As Knock Out started to benefit from word-of-mouth success, Hutton says they were able to let the rose tell its own story. By 2008 it had grown from a single variety to a family, with the introductions of Blushing Knock Out (2004), Pink Knock Out and Double Knock Out (2005), Rainbow Knock Out (2007 AARS winner), and Pink Double Knock Out and Sunny Knock Out in 2008. The sales numbers started growing very significantly.
Kyle McKean, began the work of creating Knock Out as a brand, developing a consistent look and marketing materials. “In 2008 we began to build a strategy on a yearly basis with a lot of print and online advertising, as well as partnerships with personalities such as P. Allen Smith,” she says.
“We continued to push Knock Out as a really easy, low-maintenance flowering shrub so consumers new to gardening or scared of gardening would know they could incorporate this plant into their gardens with little work and no spraying,” McKean says.
It was important to make the variety identifiable at the retail level, McKean says, so they picked a pot color — a distinctive chartreuse green.

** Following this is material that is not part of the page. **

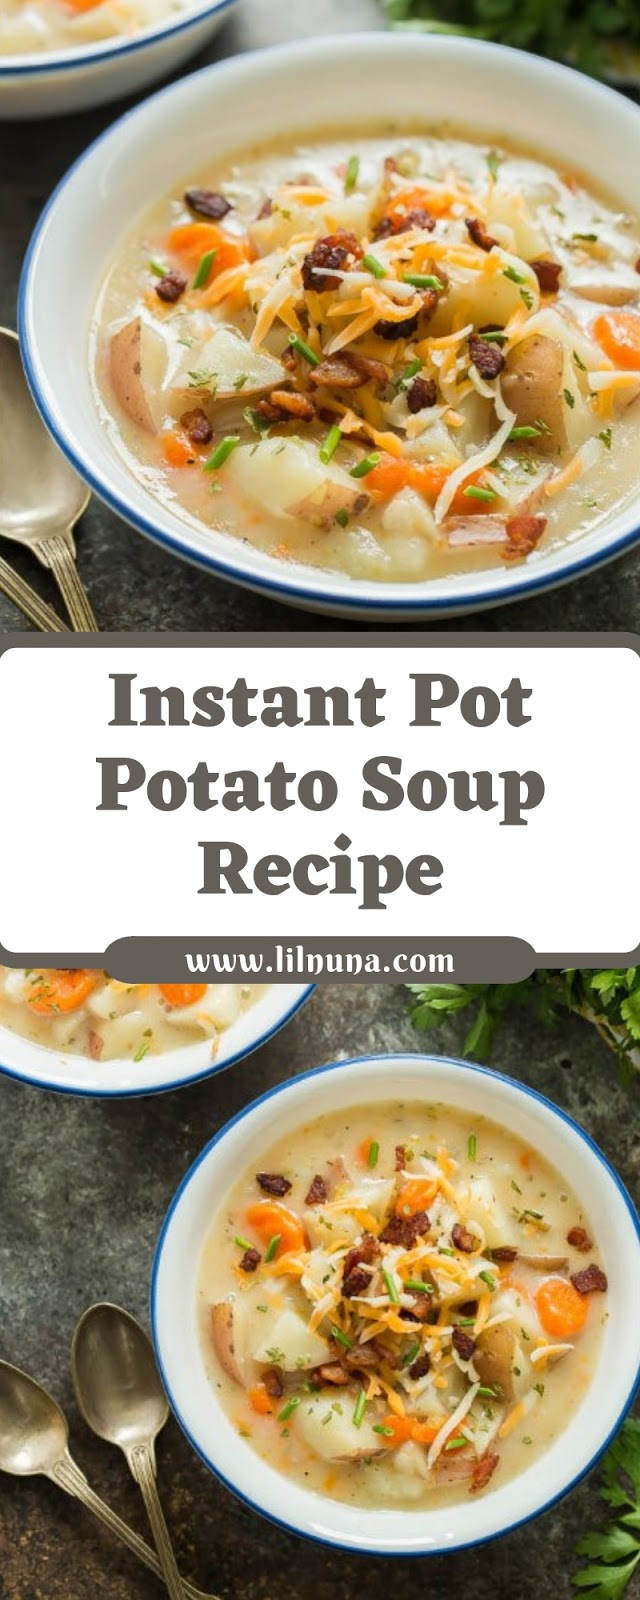 Instant Pot Potato Soup Recipe
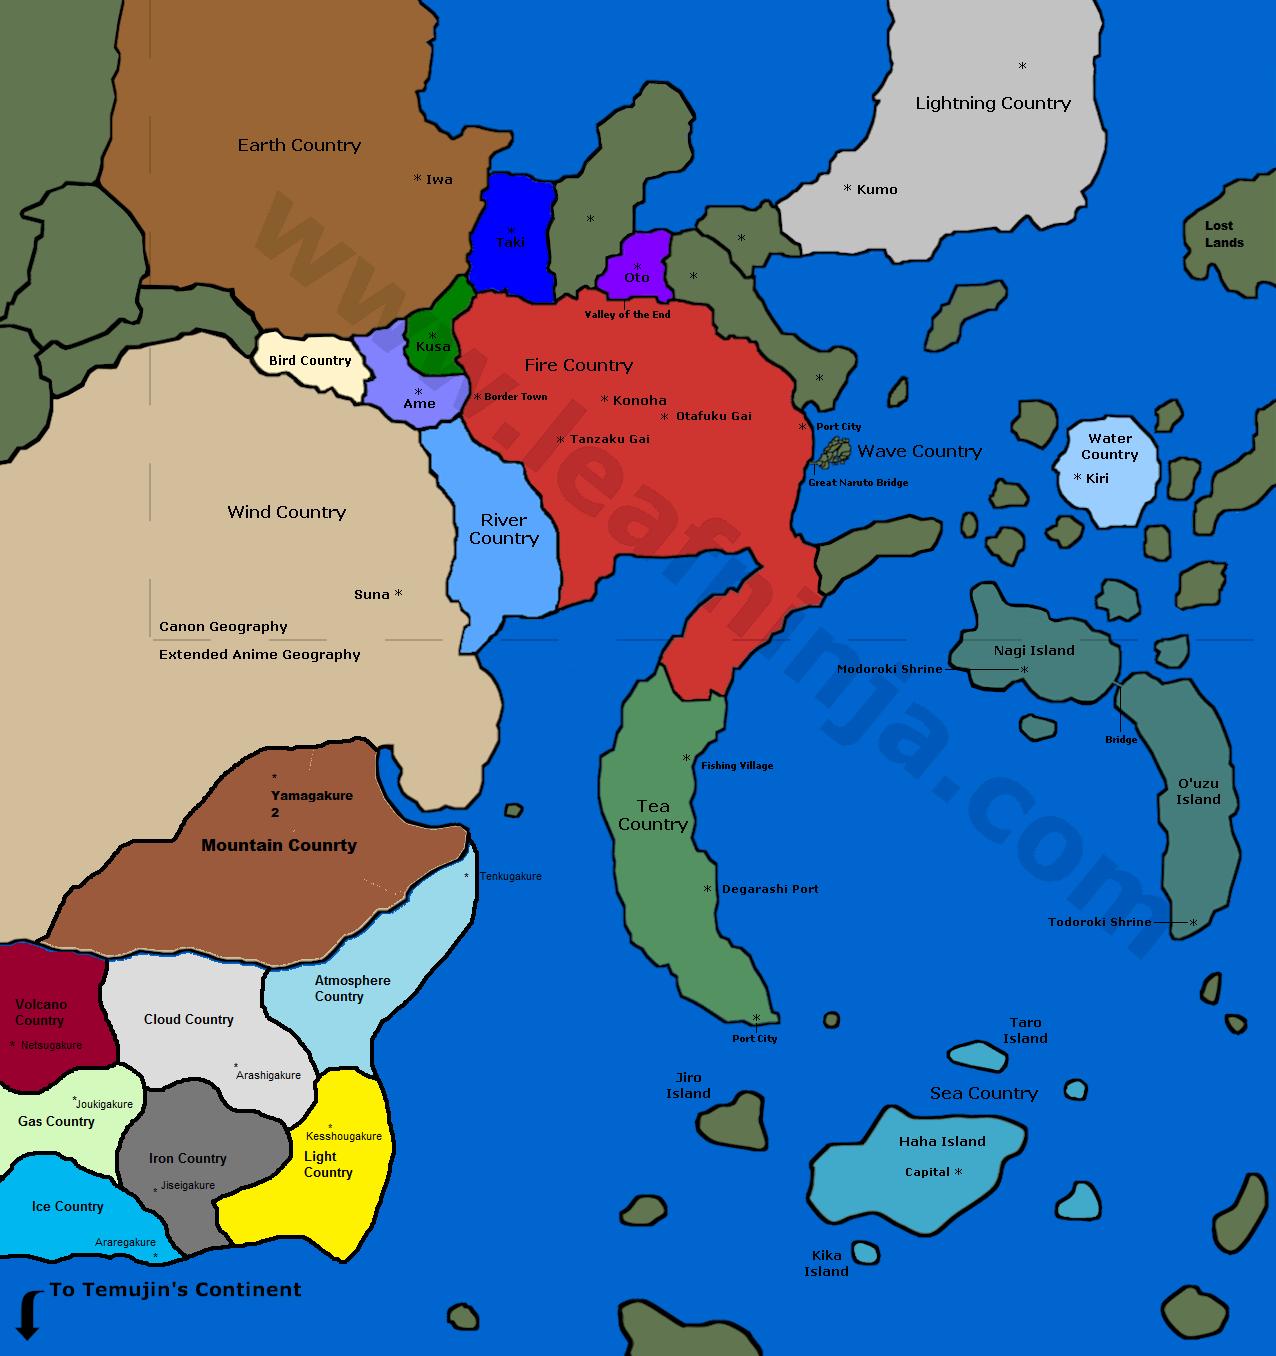 Image world map version 4g dragon ball af fanon wiki fandom world map version 4g gumiabroncs Images

In 2010 it became mandatory for licensees to use the colored pot.
“A lot of people [at Conard-Pyle] weren’t on board with the color at first, but I said it has to be memorable. It has to stand out so people will notice it,” McKean says. Since 2010 when everything launched, the green has become the color everyone associates with Knock Out. It spoke to the brand and let customers know the plants they were buying were authentic.”
Hutton hopes Knock Out can continue to be a game-changer.“Our next desire is to have Knock Out become the gateway to growing other kinds of roses”, he says. “We want to use the long coattails of Knock Out to bring more people to the experience of growing roses.”